In reality, the Great War had been far from being over in 1918. It just took a pause. Meanwhile, Hitler's perverse 'national socialism' and the vile Nazi ambitions began taking root in the war-battered Germany. To the chagrin of post-WW-I peace dreamers, the 1914-1918 hostilities emerged as a prelude to the more disastrous Second World War spanning 1939 to 1945. With the collapse of the expansionist Austro-Hungarian and Ottoman Empires in 1918, nationalism-fired individual powers emerged in a space of two decades. In a way, the ghosts of the First World War had just past over their baton to the global theatre torn by the demonic atrocities let loose by the Third Reich's war lords led by Hitler, Italy's Mussolini and Japan's General Tojo. Like in the previous war, the WW-II also sucked in the world powers into another annihilative vortex.

In spite of the US barbaric atomic attacks on the already vanquished Japan at the war's fag end, as well as Japan's brutalities on the Pacific Front, the WW-II triggered a string of changes in the global geo-politics and economy.

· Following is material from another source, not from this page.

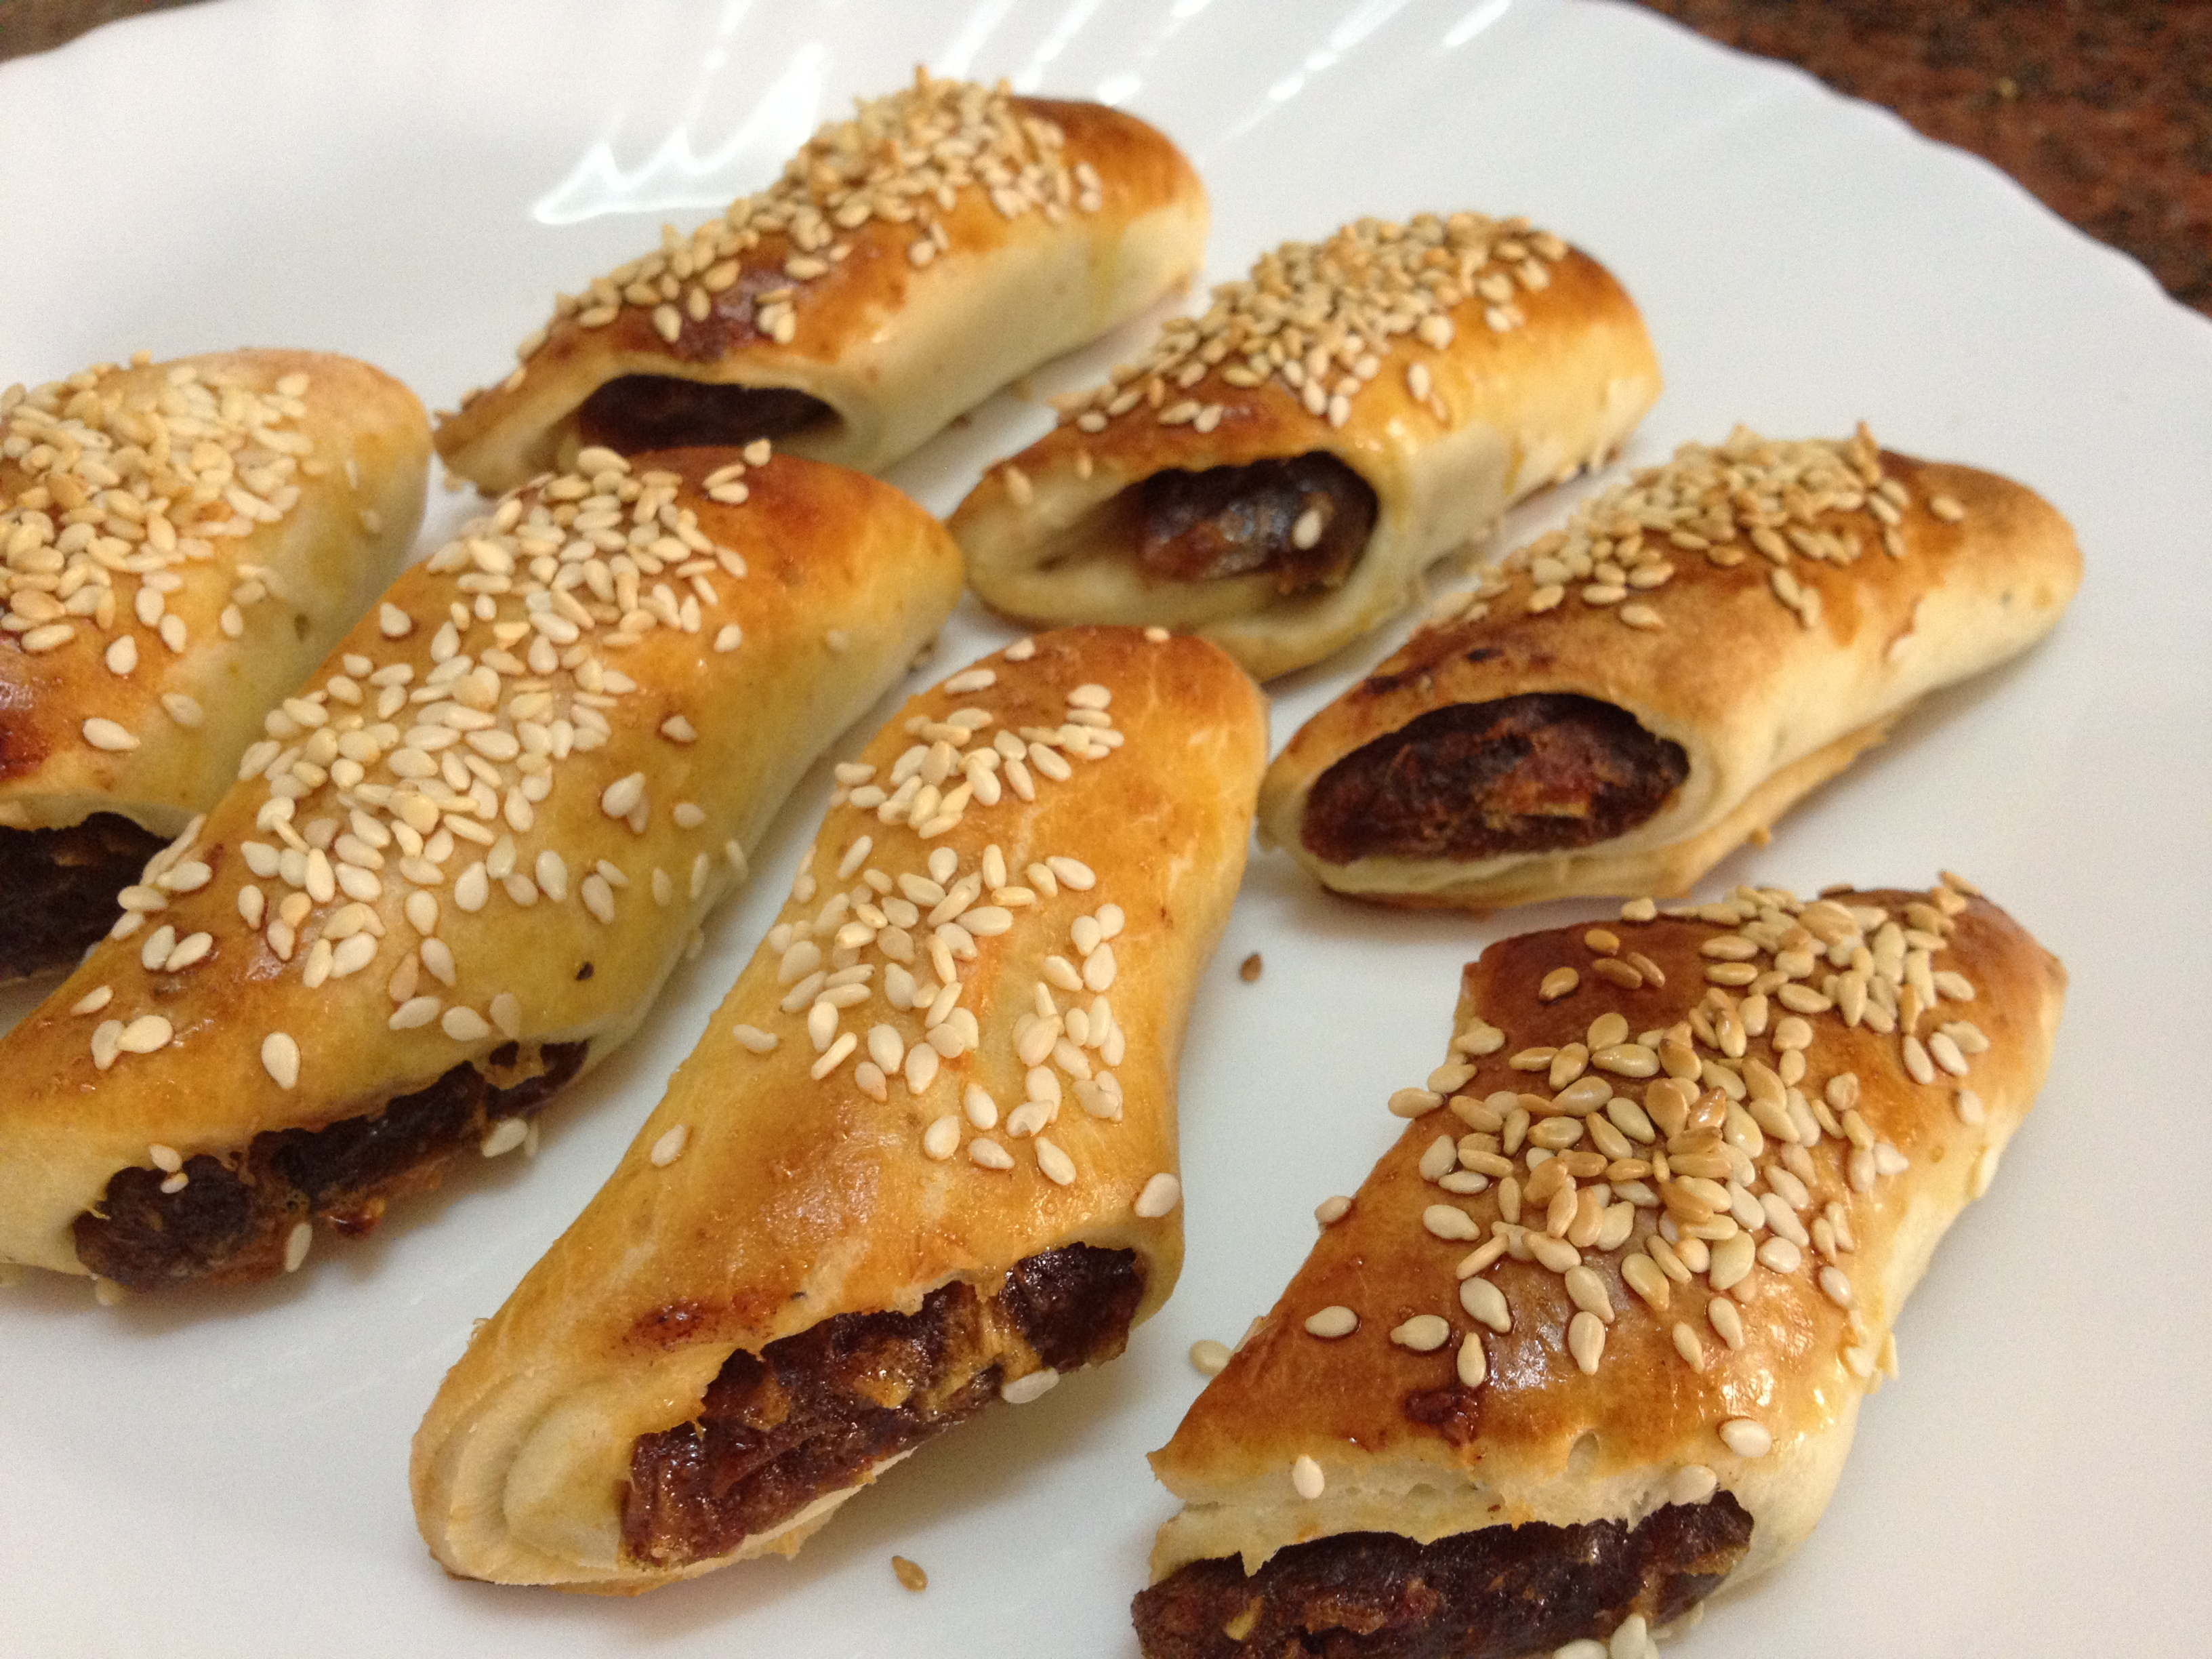 صور حلويات مغربية بالصور

In the case of world economy, the impact was quite far-reaching. The defeated Germany and Japan, in particular, had been made to eat humble pie, with their economic backbone broken miserably. Following the phases of economic depression, the US economy eventually began getting on its feet. In fact, the whole Europe, as well as the then Soviet Union, had to undergo mid- or long-term economic woes in the post-WW-II era.

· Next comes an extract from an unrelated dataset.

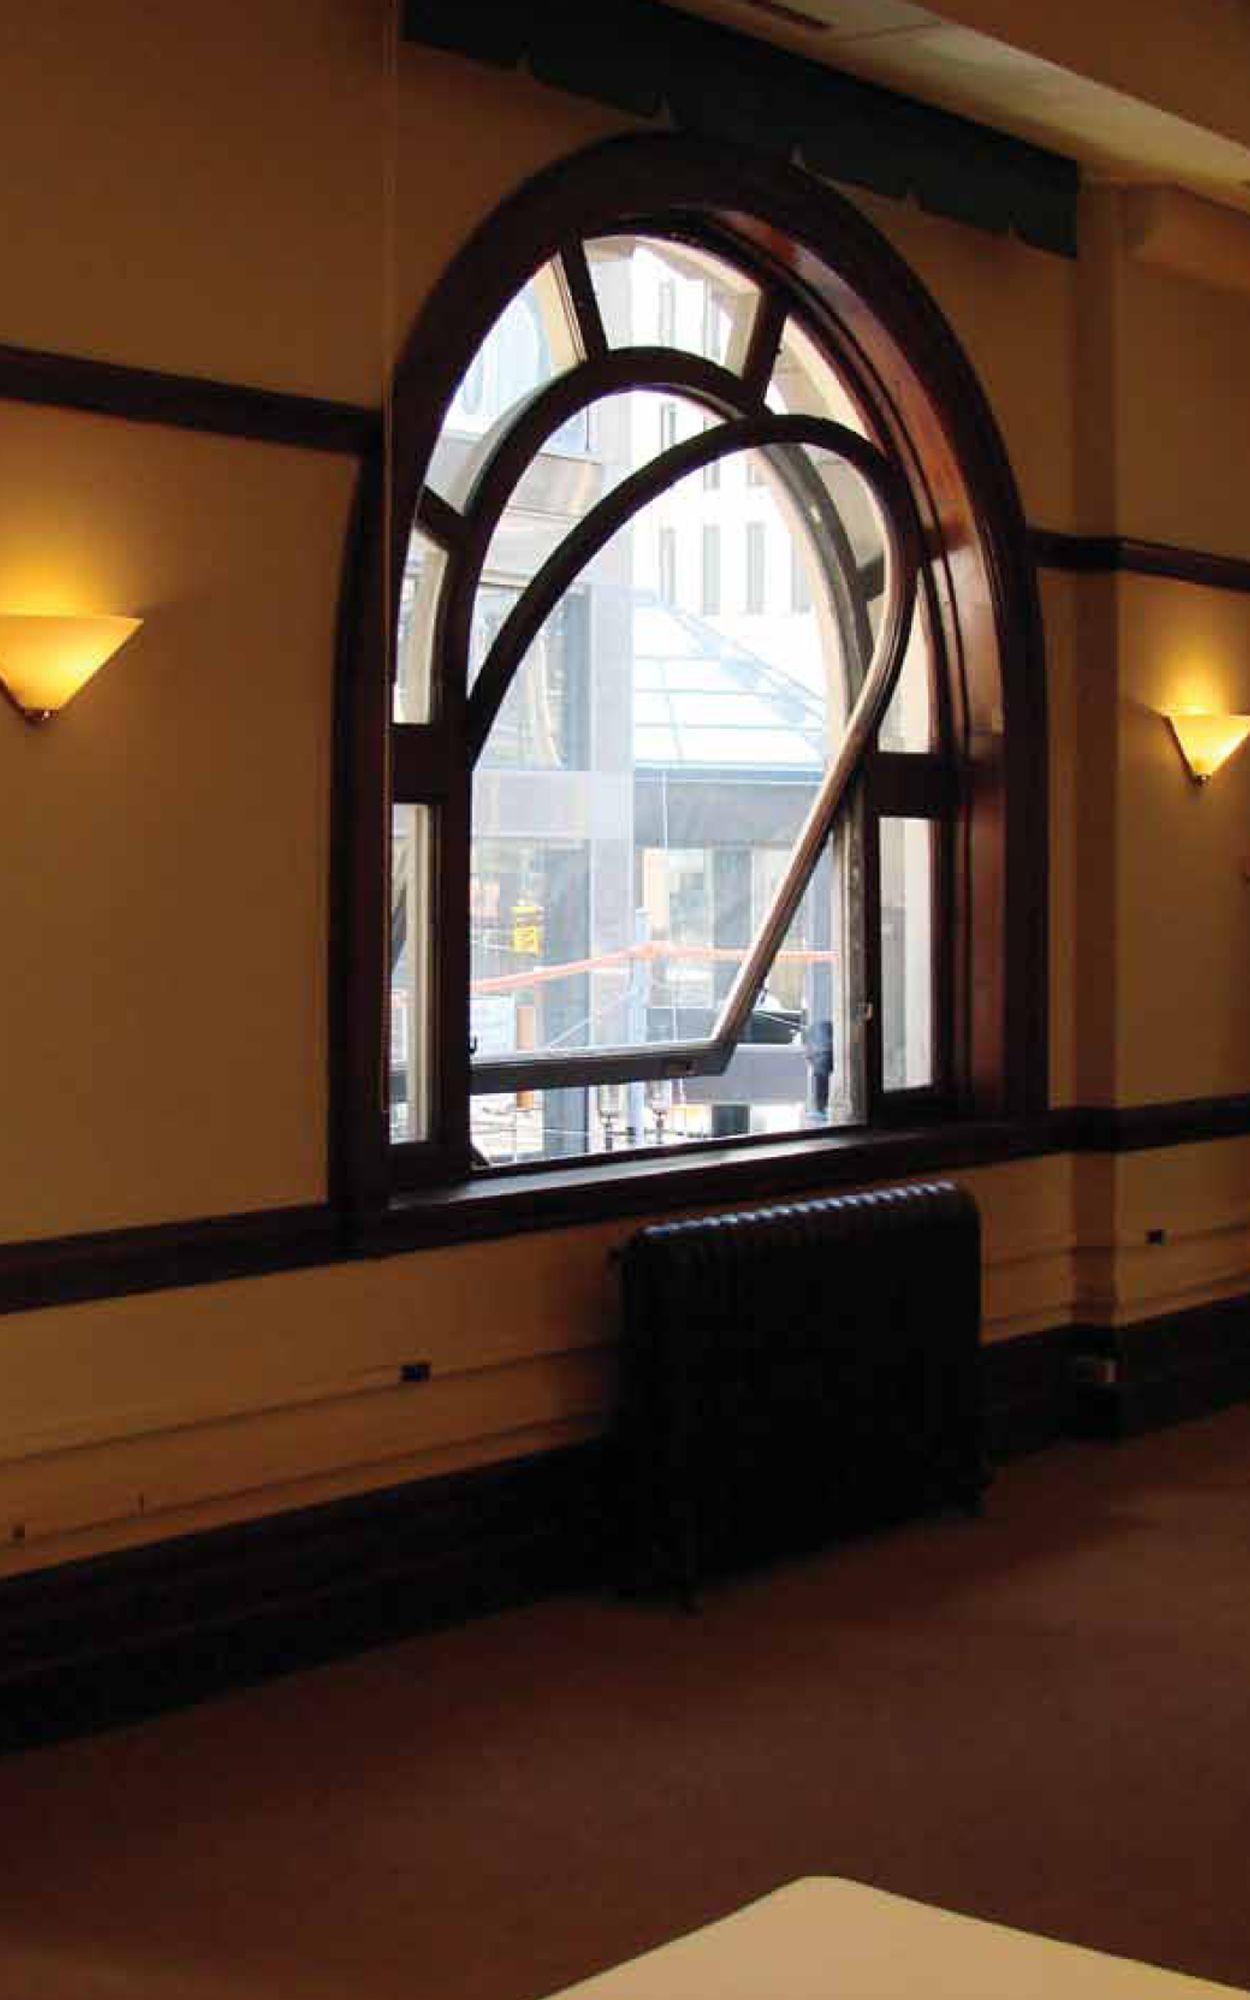 Operable windows, 10 Adelaide Street, Toronto, Ontario Heritage Trust (image source: Ontario Heritage Trust)

Meanwhile, the war's end led to the independence of a number of colonised countries in Africa and the greater Asia. After being ruled by the British East India Company and the British Empire for two hundred years, the Indian sub-continent witnessed the creation of two independent states, Pakistan and India, in 1947. On the other hand, the behemoth world organisation, the United Nations (UN), came into being in 1945. Unlike the short-lived League of Nations, the UN's relevance and utility is strongly felt still in 2018. Compared to these changes in the global perspective, the WW-I now appears a senseless frenzy of killings and destruction. By default, the 1939-1945 war had brought about scores of changes in the 20th century world. To the sub-continent it meant a lot. Despite the participation of more than 1.0 million people from undivided India in the WW-I as part of the allied forces, with 74,000 of them killed, the sub-continent got nothing back then. To the colonised Indian sub-continent, the WW-I stood literally for futile martyrdoms and socio-economic woes.